In fact, the state Government on August 10 received a fax from Supaul
District Magistrate Sharif Alam that conclusively said that the
“situation was under control”. A fortnight later, the state Government
had to give marching orders to him and his Saharsa counterpart Garib
Sahu for not taking timely action. Supaul Superintendent of Police
Shyam Kumar too was shifted.
However, the state Government is surreptitiously silent on the role of
its Water Resources Minister Vijendra Prasad Yadav, whose task was to
ensure maintenance of the barrage.
He failed terribly on this account. Ironically, Yadav himself is an MLA
from Supaul and therefore was well aware of the threat perception. Now
many parts of his district may never emerge from water unless the
Kosi’s flow is changed.
It is clear that the administration in the affected districts, besides
the Water Resources Department, was caught napping.
“They thought that the Kosi waters, like previous years, would go the
traditional way after vainly hitting the East afflux embankment near
Kusaha. In their smugness, they even overlooked the breach that is now
too big to be plugged easily,” said an official of disaster management
wing.
Water resource resource engineers say because of the archaic
cement-boulder approach, plans to place boulders to stop the water flow
would turn out to be a longdrawn exercise.

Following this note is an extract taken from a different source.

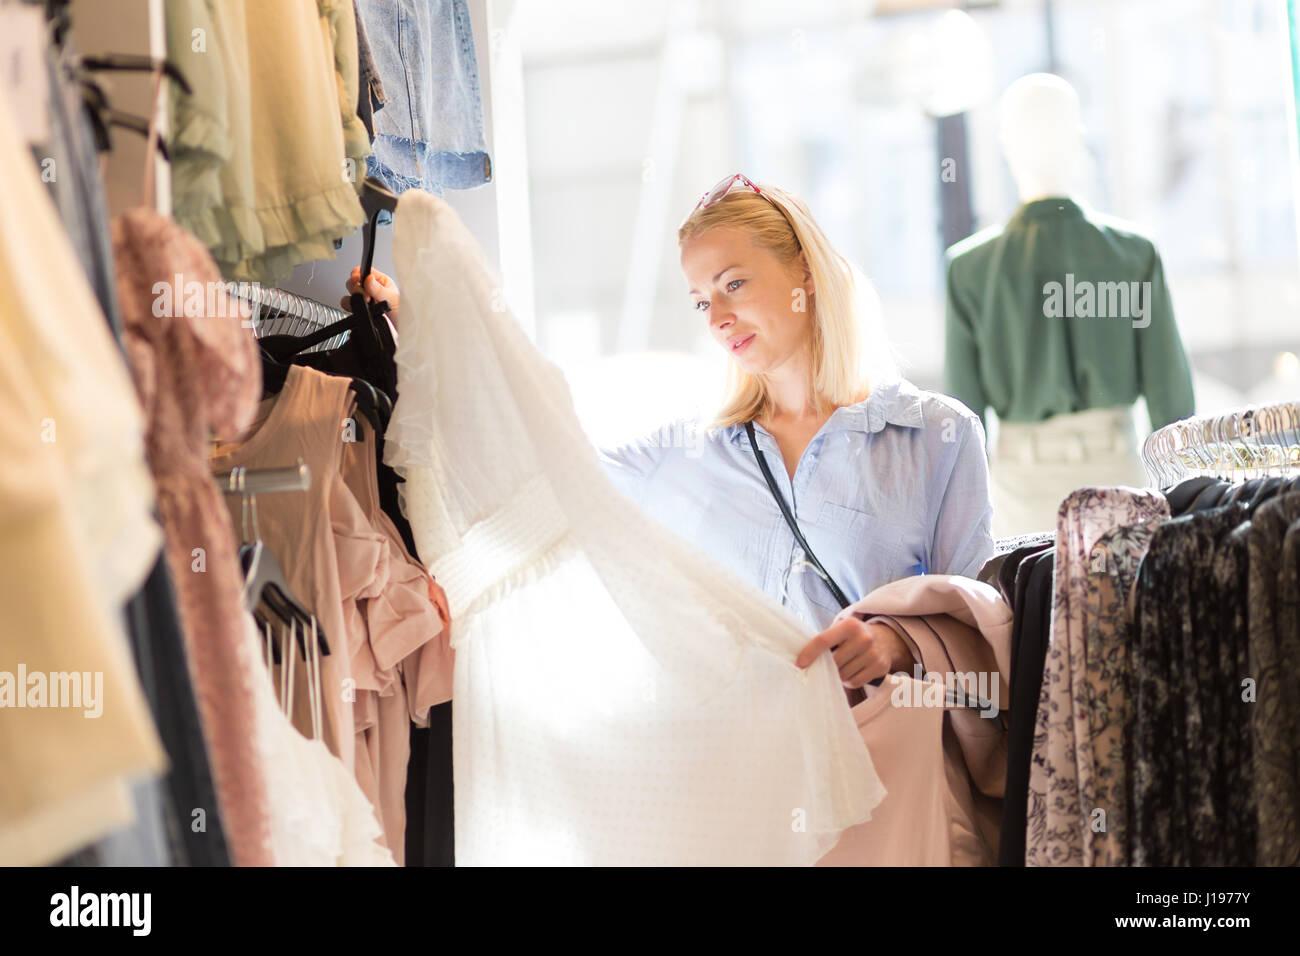 Bella mujer comprar ropa de moda en la tienda de ropa. Imagen De Stock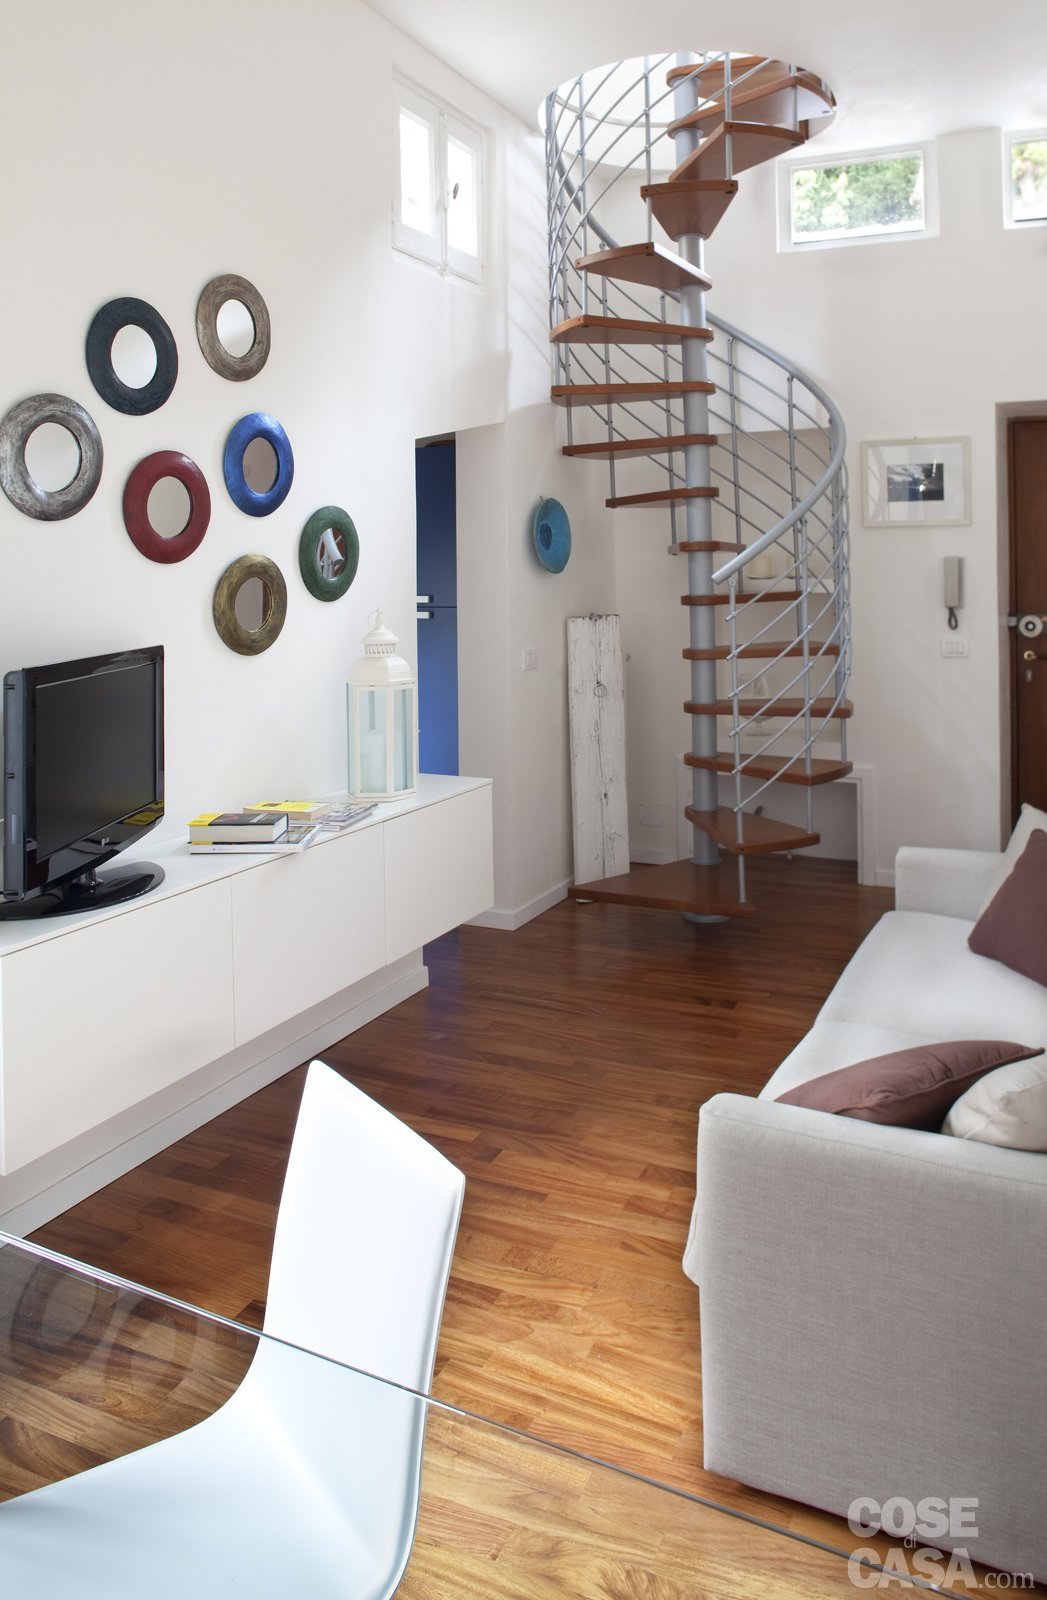 48 mq bilocale su due livelli cose di casa for Piccoli piani di casa a 2 piani

Yet, according to Superintending Engineer Ashram Rai, more than 11,000
boulders were made available before the breach actually happened. The
engineers could not put them to use because of the “law and order
situation in Nepal”.
So far, Union ministers Lalu Prasad Yadav and Ram Vilas Paswan have
undertaken aerial surveys of the affected localities. The subsequent
press conferences that the two leaders have convened were full of
political overtones. Despite claims to the contrary, the emphasis like
always was on scoring brownie points.
Meanwhile, according to Additional Secretary, Disaster Management,
Pratyay Amrit, carrying out relief operations in many areas has been a
herculean task because, even as the flood water is enough to submerge
the localities, the water level is too less to let the relief boats ply.
At the same time the administration cannot wait for the level to rise
sufficiently because by then the devastation will be total. The
situation has become so grim that even the relief camps set up in safe
zones are being shifted because of the ever-swelling waters.
Had timely action been taken, the
catastrophe that devastated
millions could have been averted.
Over 75 such camps have been set up
for some 70,000 people who have
been rescued so far.
However, the people who were marooned are reluctant to abandon their
homes because they think the waters will recede as it happens during
the regular floods. But the chief minister has appealed to them to
evacuate the areas at the earliest.
The water channel emerging from the breach point has now become the
main stream and the volume of water may continue to increase till
October.
The breach in the embankment can be plugged only after the Kosi flow is
regulated back to its traditional course, which is being attempted by
digging channels to guide the water back to the main river bed.
But this is a time-consuming process and is unlikely to be over before
October 31. The breach, therefore, can be mended only by November,
which will make the relief operations one of the longest of all times.
It is unfortunate that even as people suffer an avoidable tragedy, the
political leaders are busy passing the buck.